Con l’appuntamento di Chianciano, il partito capitanato da Pierferdinando Casini si è proposto di fatto come il perno di una Lista per l’Italia in grado di coagulare quelle forze sparse che non si riconoscono né nell’evoluzione socialdemocratica del Pd impressa dal segretario Pier Luigi Bersani, né nel ripiegamento berlusconiano del Pdl, o come si chiamerà. Così nasce il partito del Monti-bis, ha scritto ieri sul quotidiano La Stampa l’editorialista Marcello Sorgi. Ma difficilmente il nome dell’attuale premier sarà speso ufficialmente dal partito centrista in gestazione con l’apporto di ministri, imprenditori, esponenti dell’associazionismo cattolico e dirigenti sindacali. Piuttosto – si dice in ambienti centristi – al nome di Monti si ricorrerà in caso di stallo post elettorale. La decisione dell’Udc, con l’abbandono del logo Casini nel simbolo, non ha solo un significato estetico, ha scritto in un corsivo il sito Formiche.net: “In Europa e negli Stati Uniti i partiti sono seri e strutturati e anche dove sono presenti uomini forti, questi non hanno il loro nome impresso sulla scheda. Diverso è il caso delle campagne presidenziali (primarie incluse)”. Insomma, adesso ci sono le premesse per unire il campo del cattolicesimo liberale. “Ma adesso – secondo Formiche.net – tocca agli aspiranti new comers fare un passo in avanti”.
Ad animare uno spazio intermedio fra Pdl e Pd ci sono la montezemoliana Italia Futura e il movimento Fermare il Declino promosso da Oscar Giannino. Si dirà: un pensatoio politico che seppure da posizioni liberali (Italia Futura) asseconda campagne anti Casta e un manifesto turbo-liberista (Fermare il Declino) non troveranno mai sintonie con il liberismo sociale e compassionevole di un partito poco populista come l’Udc. D’altronde, basta scorrere le analisi di uno degli animatori del connubio in corso tra Italia Futura e Fermare il Declino, come l’economista Michele Boldrin, per escludere collaborazioni presenti e future con il partito di Casini.
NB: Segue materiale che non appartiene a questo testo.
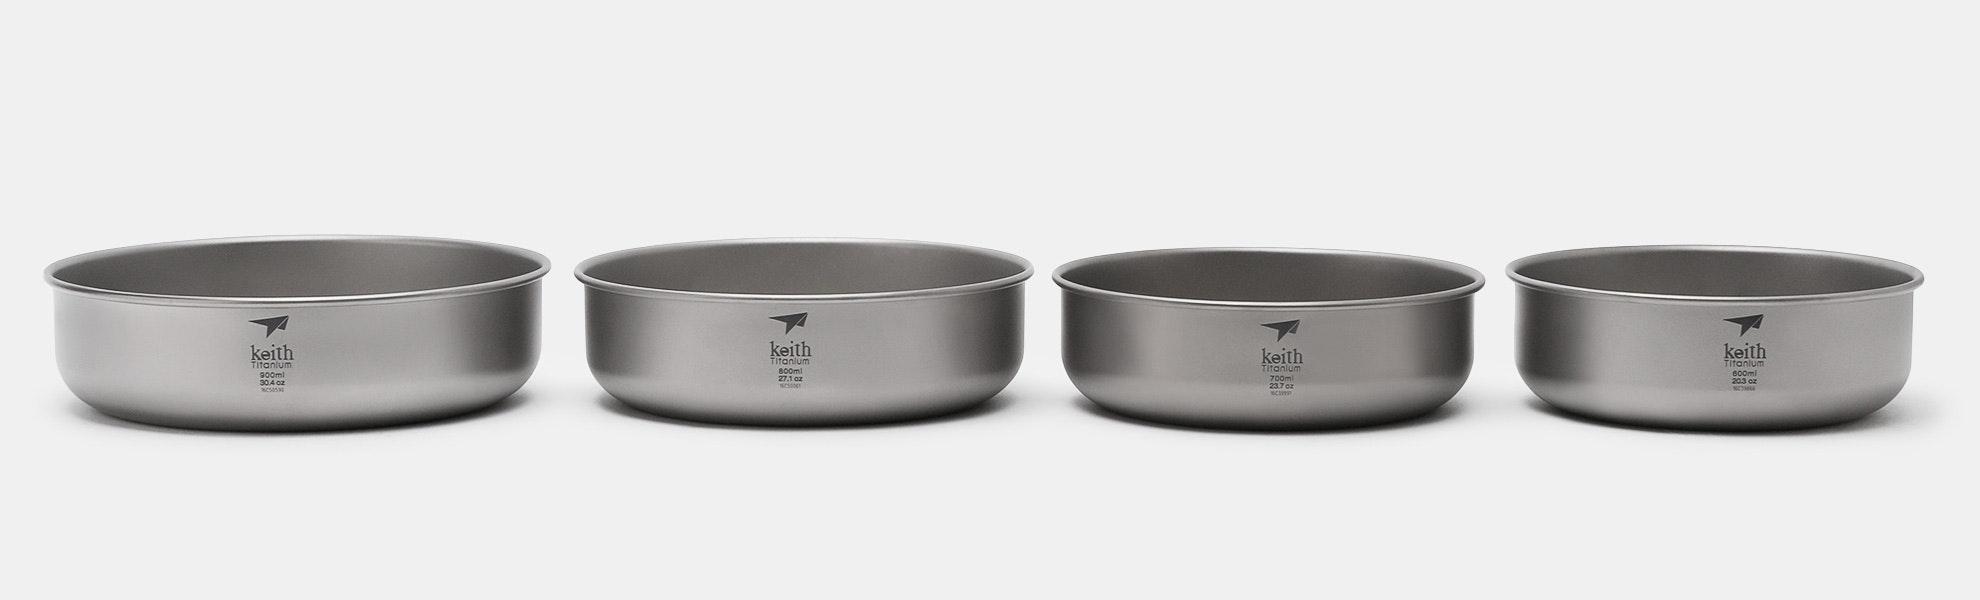 Keith Titanium Ti5376 4-Piece Bowl Set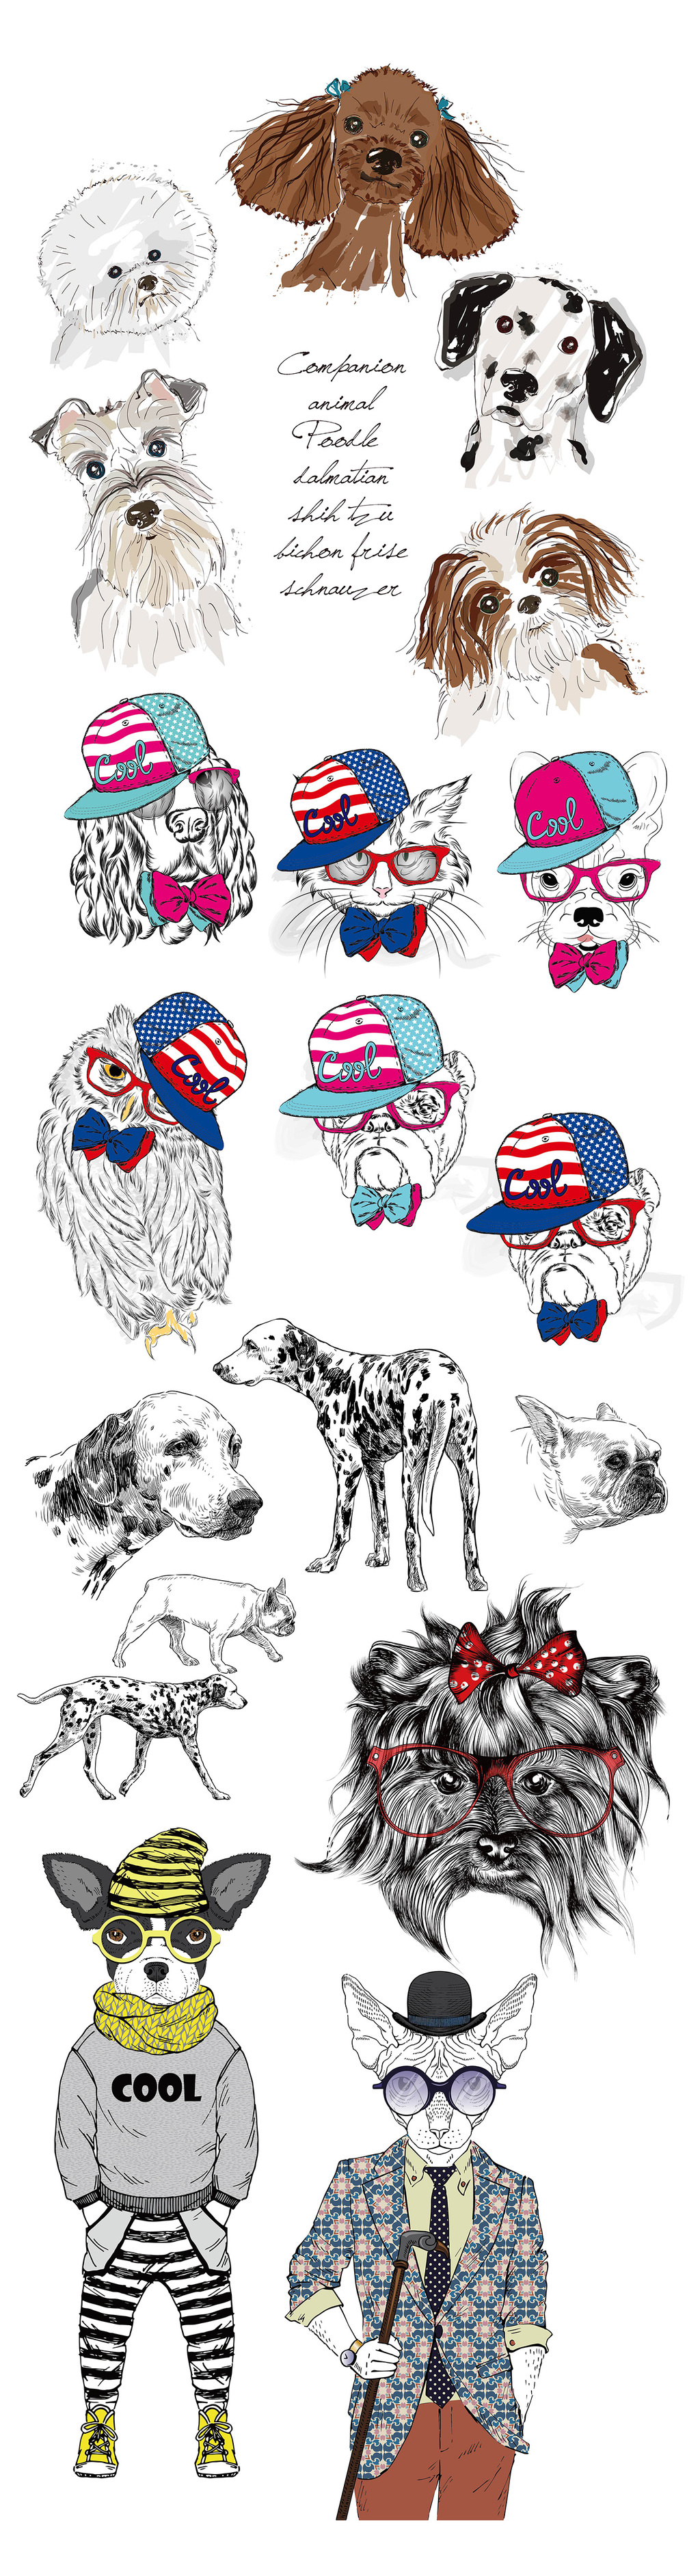 可爱手绘线描狗狗设计元素

Invece è un’analisi superficiale. Una frase contenuta in una lettera pubblicata il 15 agosto dal Corriere della Sera prefigura scenari inediti. Hanno scritto i vertici di Italia Futura e Fermare il Declino: “Positivo è il fatto che, a differenza di altri partiti, l’Udc si riprometta di attingere al di fuori dei professionisti della politica per dar vita ad un’offerta rinnovata”. Proprio quello che è stato sancito nel fine settimana a Chianciano.
Il listone centrista e liberale, quindi, si può fare. Certo le differenze non mancano. A partire dal giudizio su Monti e sull’esecutivo tecnico. L’Udc è il partito più montiano, i montezemoliani sono più problematici ma non scettici su un Monti-bis, i gianniniani contrari. Favorevoli, invece, i firmatari dell’appello promosso da Ernesto Auci e Paolo Mazzanti.
Alla fine, insomma, anche nuovisti, araldi dell’anti Casta e del turbo liberismo avranno bisogno con tutta probabilità di un partito vecchio stampa, da Prima Repubblica, per presentarsi alle elezioni: a volte le idee non bastano, servono anche risorse, uomini, ramificazione in periferia e capacità di mobilitazione sul territorio. Casini, di sicuro, ha rinunciato all’aspirazione di candidarsi alla guida di un governo. Per puntare al Quirinale? Si vedrà.
Tra le differenze latenti in campo centrista la contesa per la leadership non è secondaria. Basti un esempio. Dopo la calorosa accoglienza che l’ex presidente di Confindustria, Emma Marcegaglia, ha ricevuto a Chianciano, è stata notata l’assenza del montezemoliano Nicola Rossi, nonostante avesse confermato la presenza all’appuntamento dell’Udc. E non si è visto Luca Cordero di Montezemolo. Gelosie da audience?